= PROBLEM TO SOLVE =
For the material below, the expected output is exactly the lines between the line holding "(Public Pack)Agenda Document" and the line holding "begin automated vehicle", inclusive, with pictures left out.

= DATASET CONTENT =
- - -

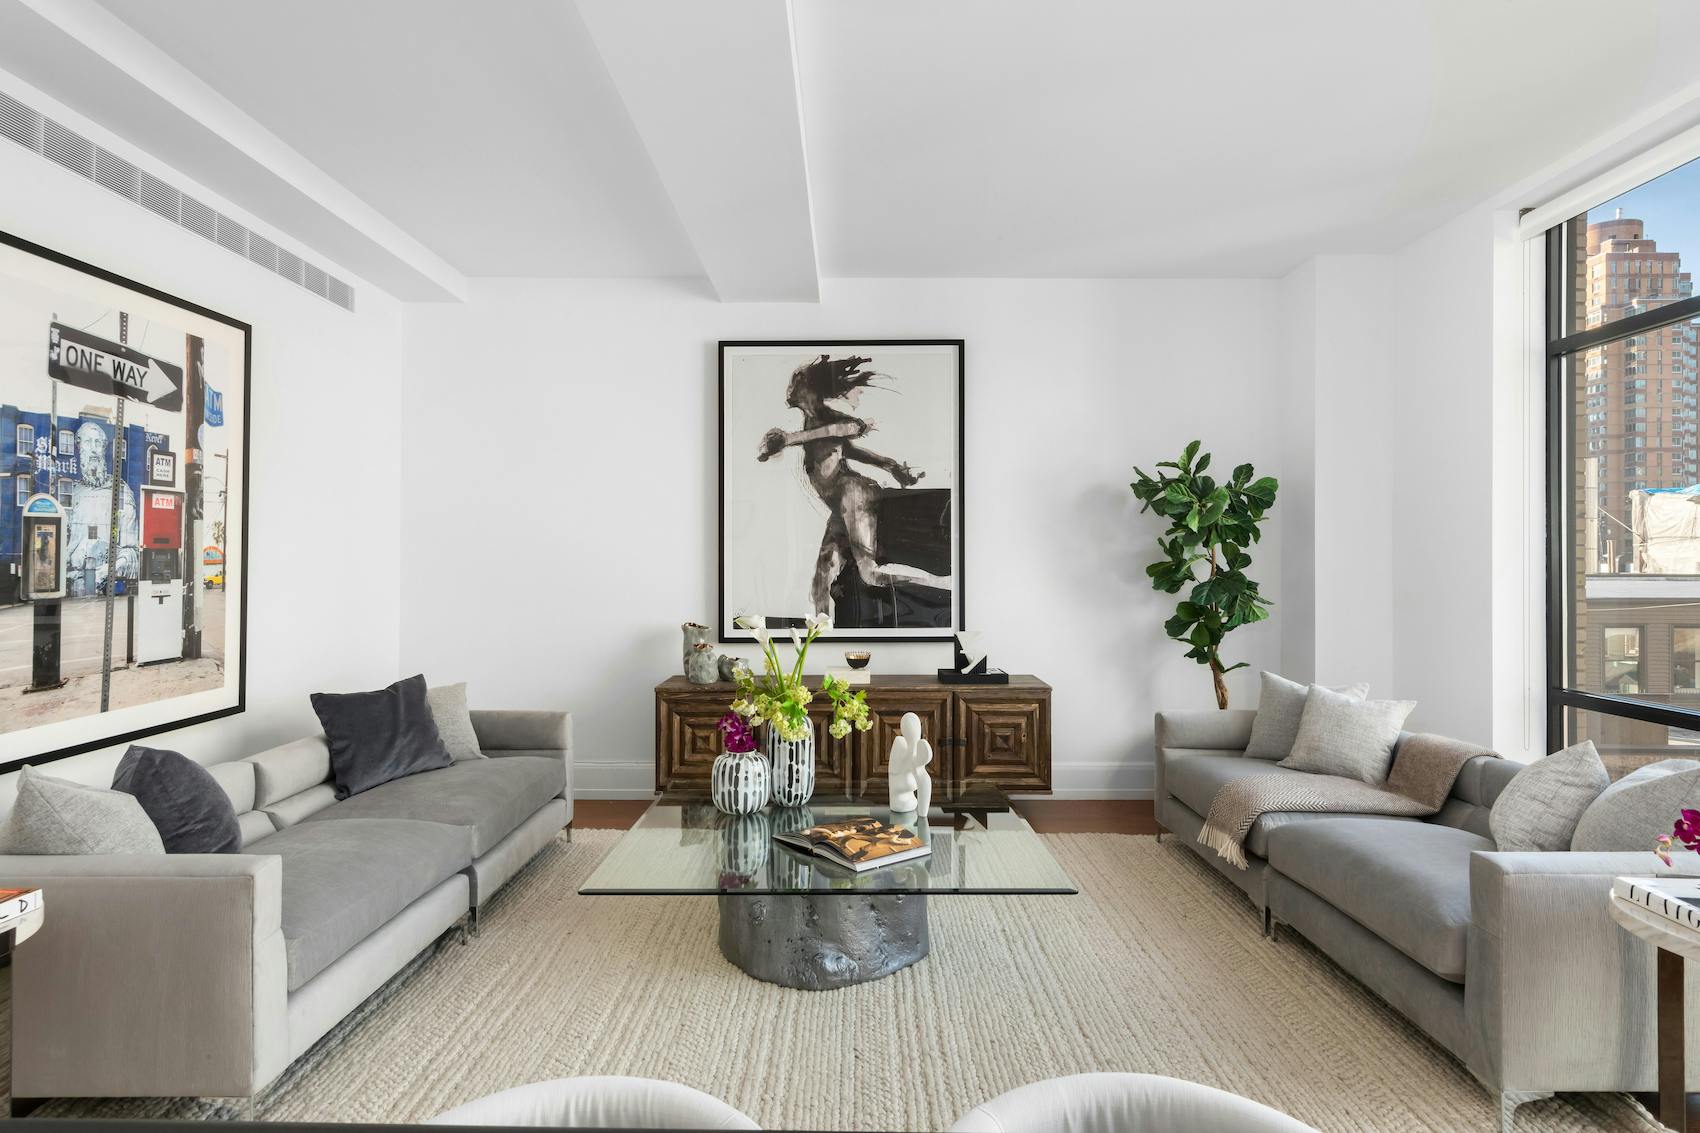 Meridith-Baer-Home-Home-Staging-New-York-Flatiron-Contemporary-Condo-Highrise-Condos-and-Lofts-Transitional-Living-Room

- - -

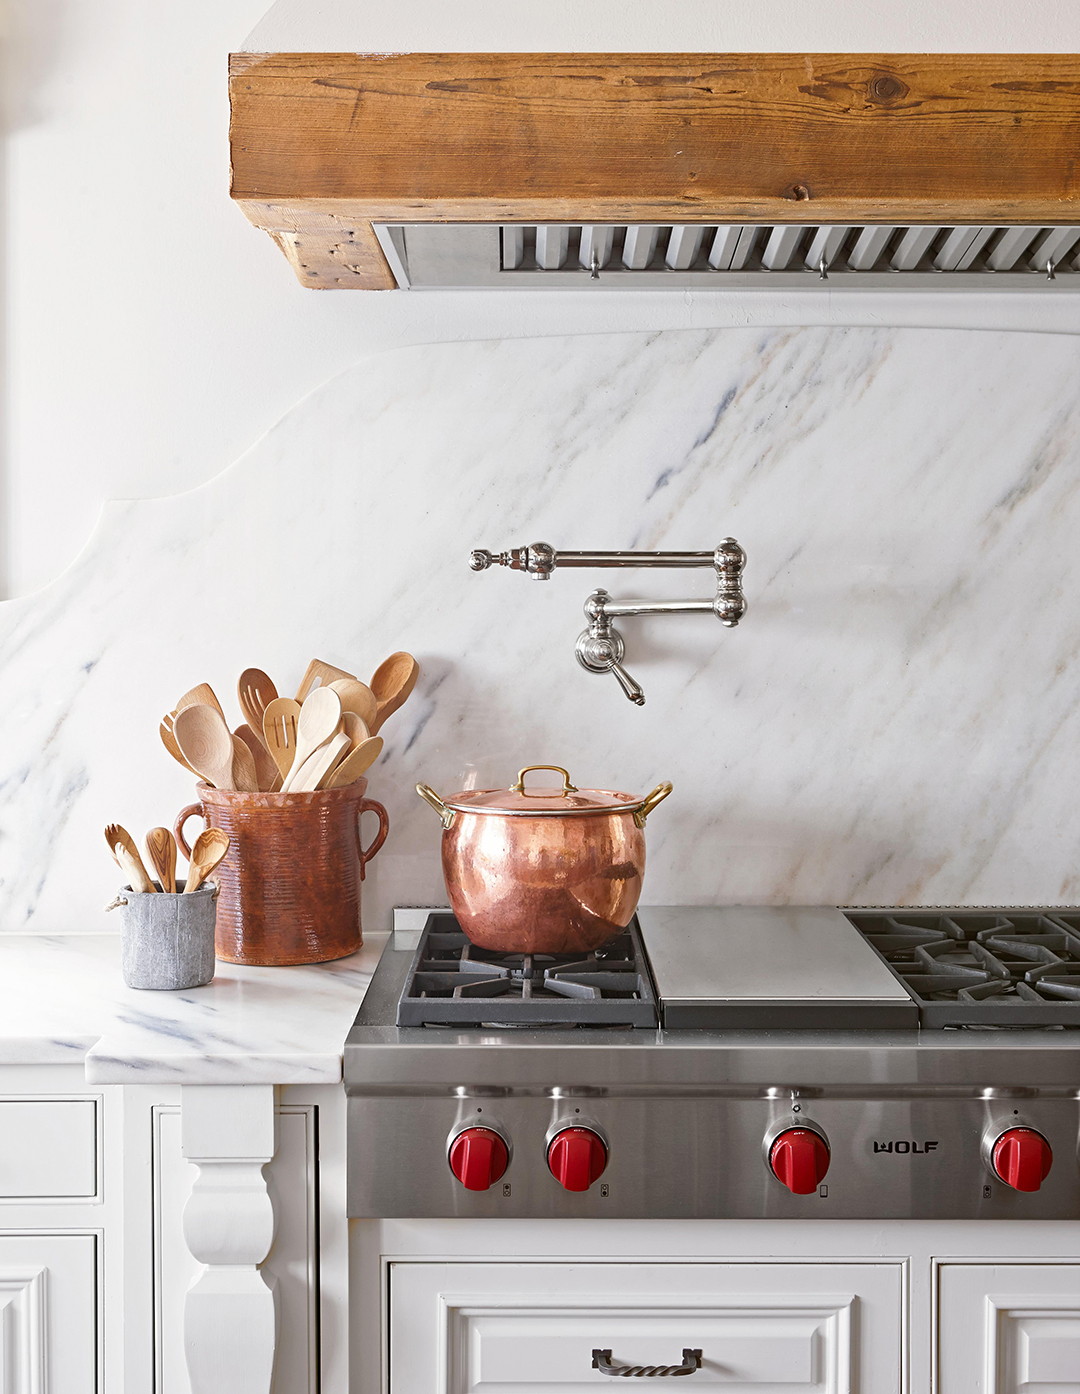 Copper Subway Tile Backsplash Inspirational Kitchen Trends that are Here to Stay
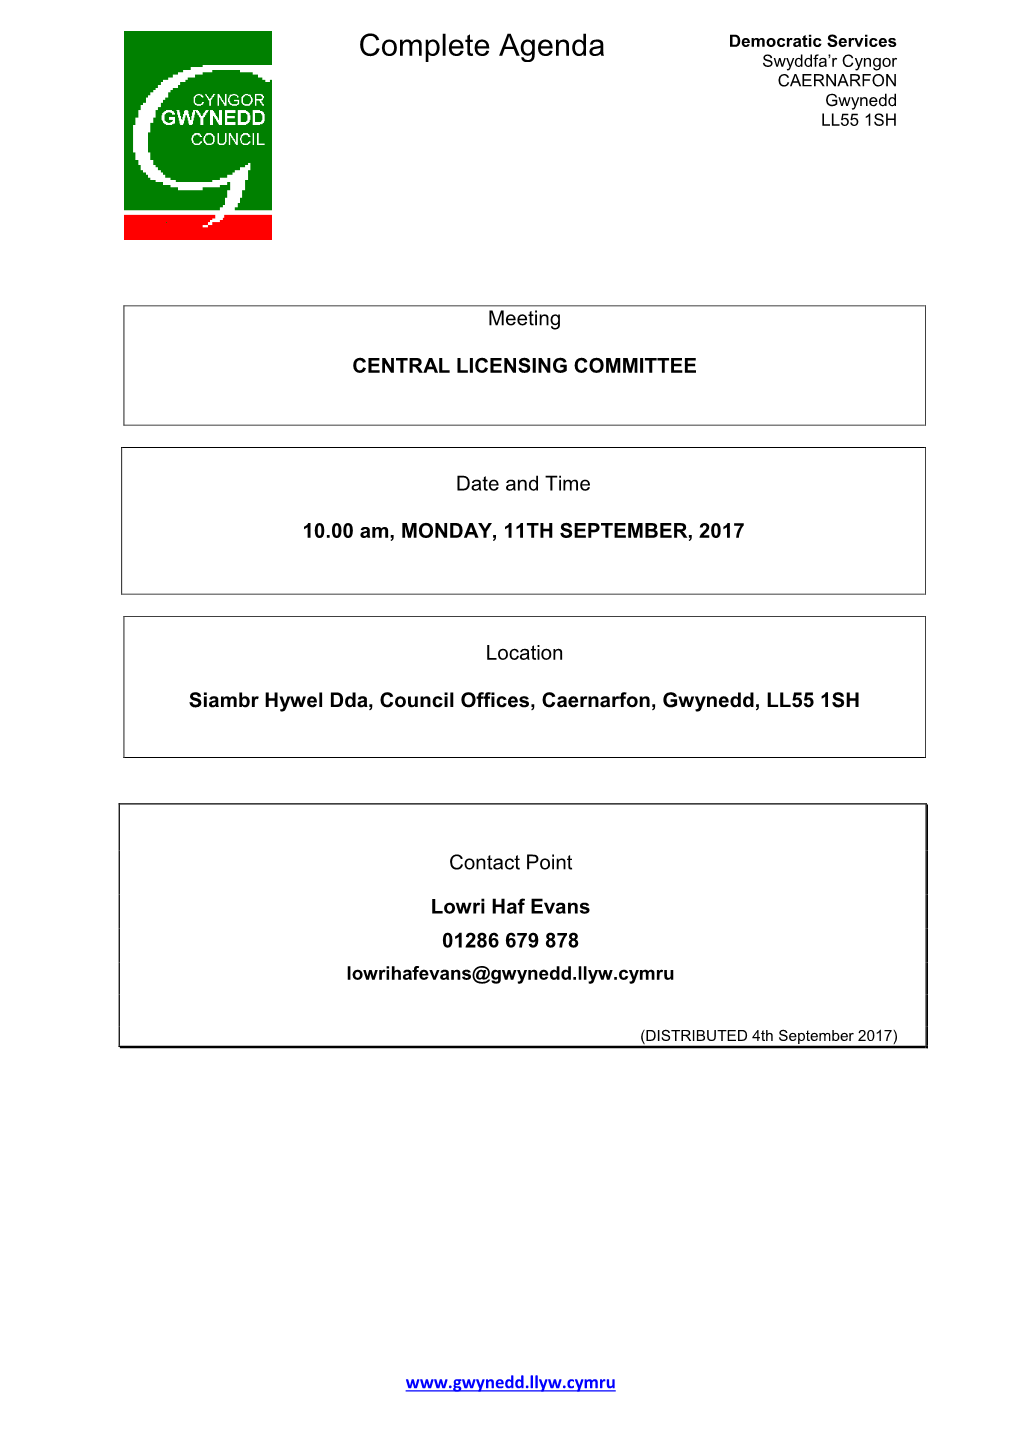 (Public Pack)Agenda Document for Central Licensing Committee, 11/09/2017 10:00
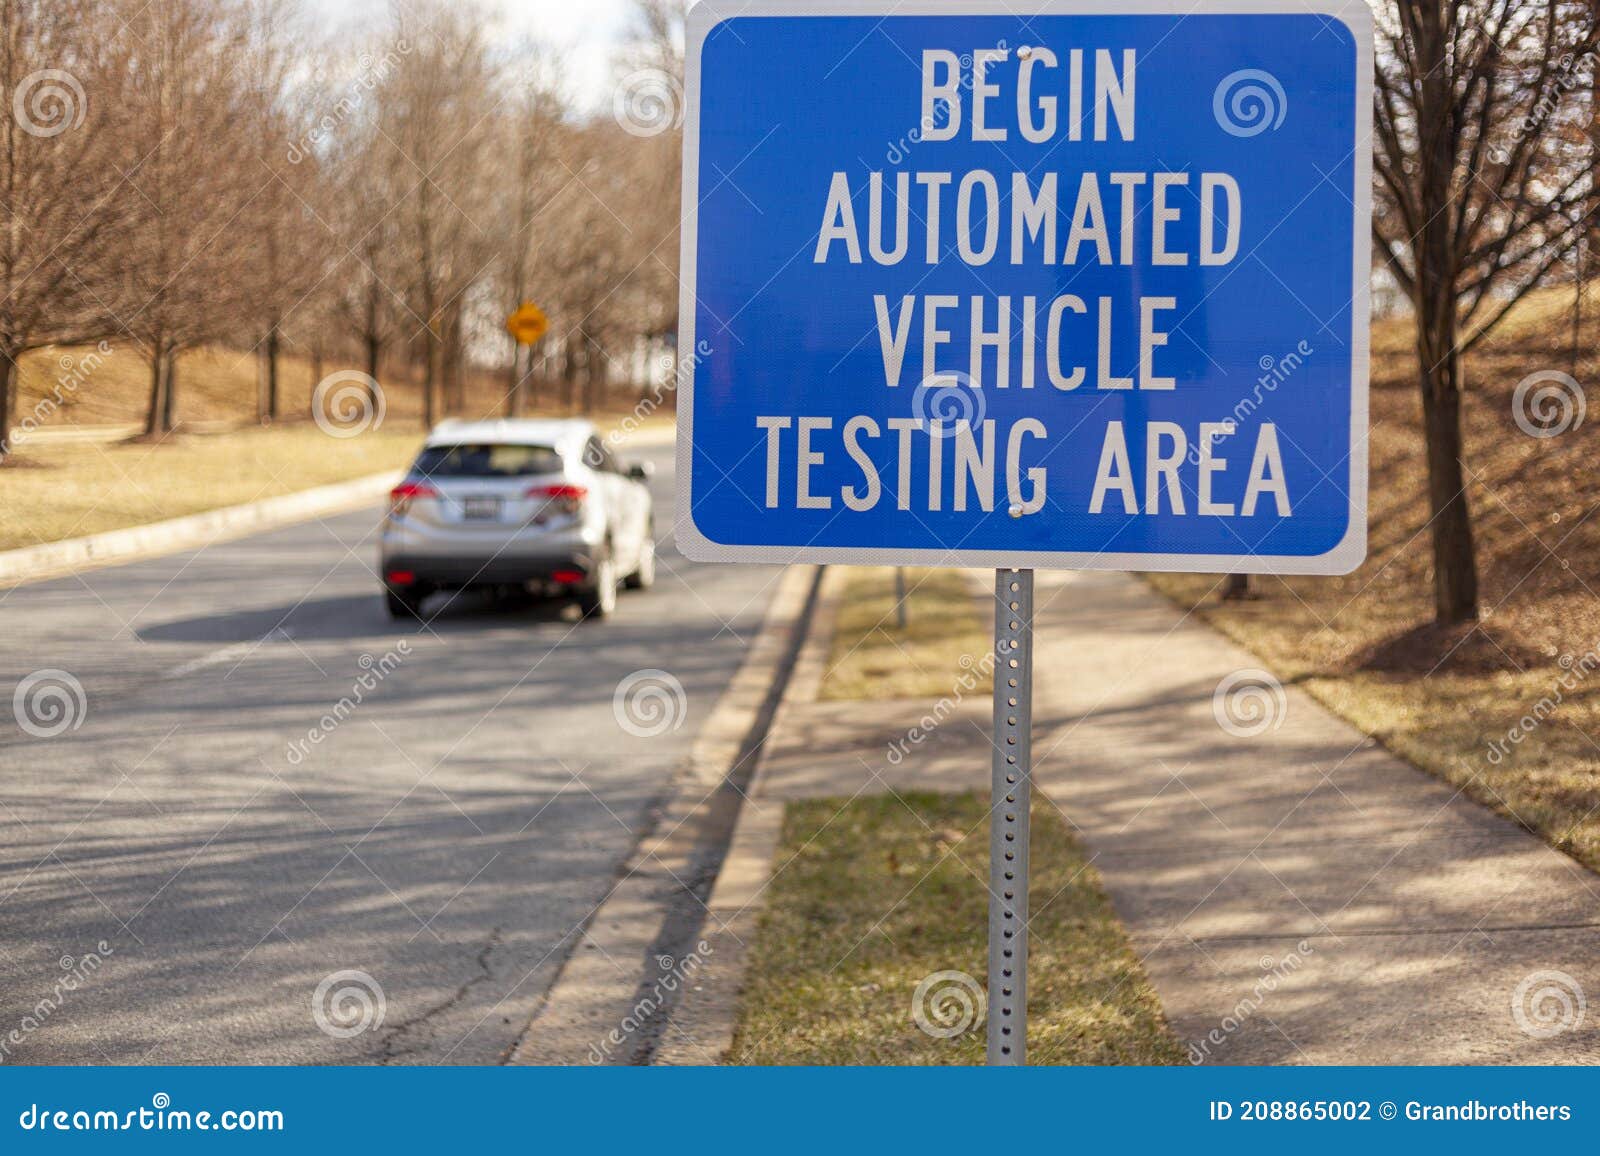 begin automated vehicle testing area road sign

- - -

= FINISHED EXERCISE =
 (Public Pack)Agenda Document for Central Licensing Committee, 11/09/2017 10:00
 begin automated vehicle testing area road sign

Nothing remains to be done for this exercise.